Reputation: 482
Want to go through lines in a file and grab certain parts of them.
Lines look like the below "2584\tM108\tK:14%" "2585\tM108\tK:14%\tN:10%"
I have written the following expressions but they seem to be failing me... Firstly I am looking to grab the M10* and the K, and stick them together, taking only the first entry after the M10* (in the above example K).
Mutation = re.sub(r'.*\t(.*)\t.*:(.*)%.*', r'\1\2', line)
I want Mutation = M108K
Secondly I want to grab the percentage without the % symbol
Percentage = re.sub(r'.*\t.*\t.*:(.*)%.*', r'\1', line)
I want Percentage = 14
Not very practiced are writing expressions, these don't really work and are inefficient. Any help fixing/optimising them is appreciated.
Upvotes: 2
Views: 37
Reputation: 174834
I would do all these in a single regex. .*
is greedy which eats all the characters as much as possible.
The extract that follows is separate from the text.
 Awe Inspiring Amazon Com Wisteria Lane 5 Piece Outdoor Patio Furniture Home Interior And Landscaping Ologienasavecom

So you need to make it to do a non-greedy match by adding ?
quantifier next to *
.
>>> import re
>>> s = "2584\tM108\tK:14%" "2585\tM108\tK:14%\tN:10%"
>>> re.sub(r'^.*?\t(.*?)\t(.*?):(.*?)%.*', r'\1\2 \3', s)
'M108K 14'
or
>>> mutation,percentage = re.sub(r'^.*?\t(.*?)\t(.*?):(.*?)%.*', r'\1\2 \3', s).split()
>>> mutation
'M108K'
>>> percentage
'14'
Upvotes: 3